Under The Hood of Testing Big Data Applications

Author : Venkatagiri P

The Internet is filled with a lot of information on what big data is, the tools that are used to capture, manage and process big data sets. However, there is limited content available when it comes to devising a test strategy for big data applications or how big data needs to be approached from a testing point of view. Through this series of articles, let’s try and understand how traditional data processing is different from processing large data sets and look at how testers should strategize and approach testing for them.


In the older times, the traditional tester wrote simple read/write queries against the database to store, retrieve and compare data. Slowly, as the size of data started increasing due to business needs and newer technologies like Data Warehousing came into being, it mandated specialized skills which created a whole lot of designations within the tester community who were referred to as “Database Testers”, “ETL Testers” and “Data Warehouse Testers”. Now with the advent of big data, things are only getting more complex for the tester. What kind of challenges does it put forth to the tester? Does he need new skills? How does he supplement his previous testing experience?


What is Big Data?
A classic definition as per the dictionary, is that big data is “extremely large data sets that may be analysed computationally to reveal patterns, trends, and associations, especially relating to human behaviour and interactions”

Lately, the term “big data” tends to refer to the use of predictive analytics, user behavior analytics, or certain other advanced data analytics methods that extract value from data, and seldom to a particular size of data set.

Examples of big data could be : Social Media data, Trading data from stock exchanges, Airlines data, Retail data, Web Page Analytics (including search engine data) etc.

Typically, Big data can be divided into the following types of data,

  • Structured data : Relational data.
  • Semi Structured data : XML and JSON files.
  • Unstructured data : Social media, Images, Videos, Blogs, Media Logs.


When thinking of testing big data applications, we need to keep the following key characteristics of Big Data into account at each stage of the Big Data lifecycle. These are primarily

Volume – The applications ability to handle large volumes of data at all stages – right from its ingestion to transformation before it can be consumed by the application, and the business logic to handle the volumes.


Velocity – Velocity refers to the speed at which data is being generated, produced, created, or refreshed. The approach to tests may change (the priority, focus) depending on this characteristic of data.

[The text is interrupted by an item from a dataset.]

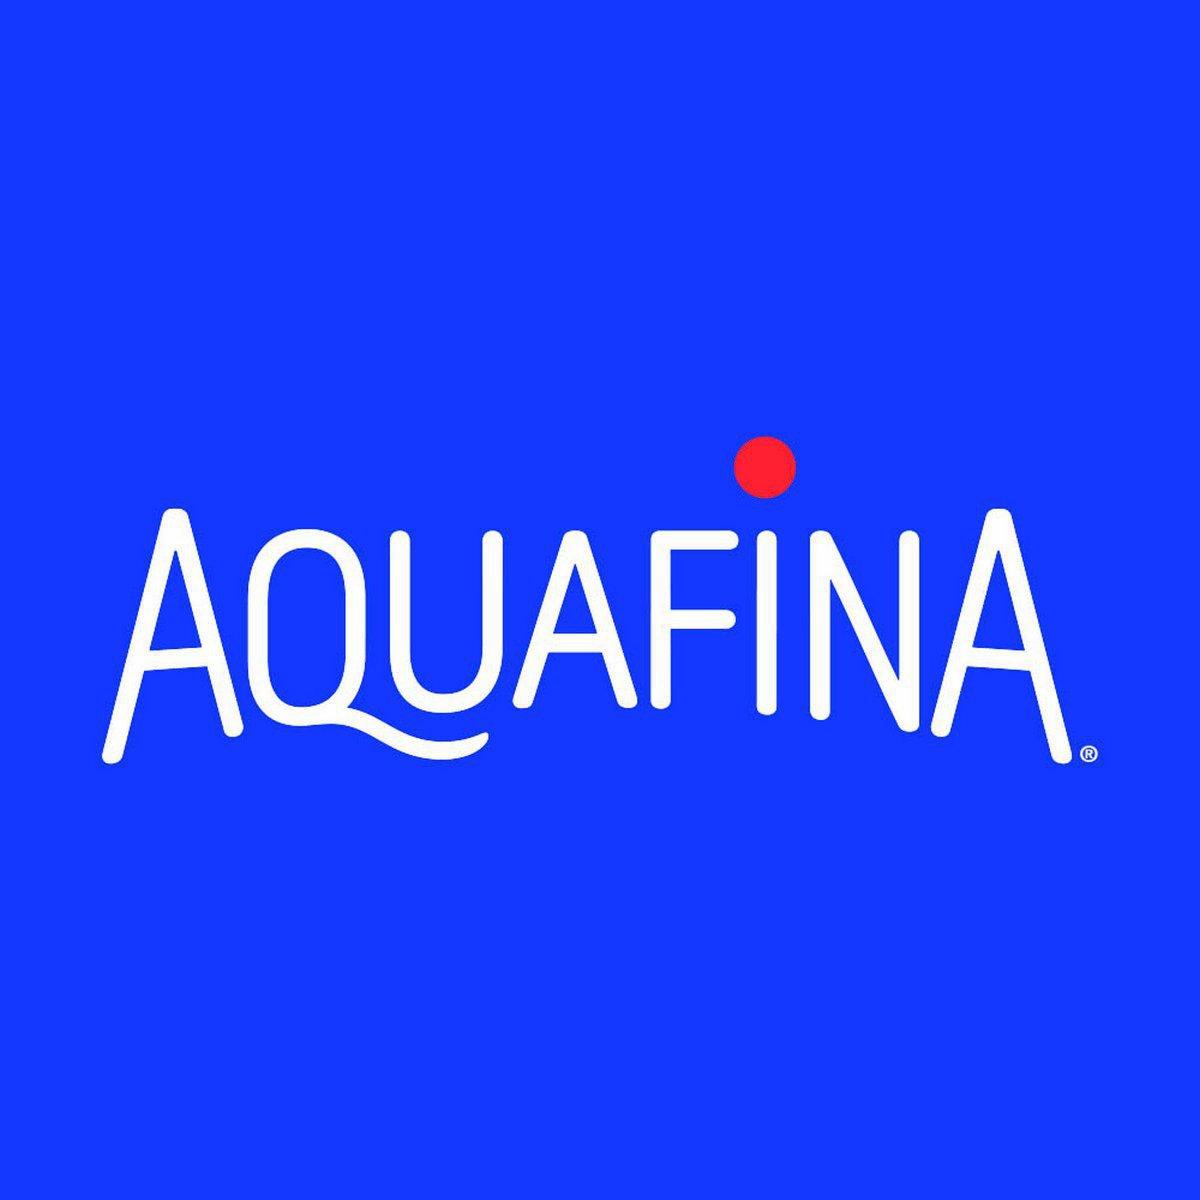 Marketing Strategy of Aquafina - Aquafina Marketing Strategy

Variety – The source of the data and the ability of the application to handle structured data but also semi structured and mostly unstructured data as well will be a focus of test


Veracity – The level of “noise” in the data, the data cleansing algorithms used, and the resultant set, can play a part in impacting the focus & priority of the testing.


Variability – Another factor to keep in mind is the variability, which refers to data which is constantly changing, and how the end results can be validated.


In subsequent articles, we shall see how basing  a testing approach around the 5 characteristics, we can evolve an improved focus to testing at each stage of a big data lifecycle.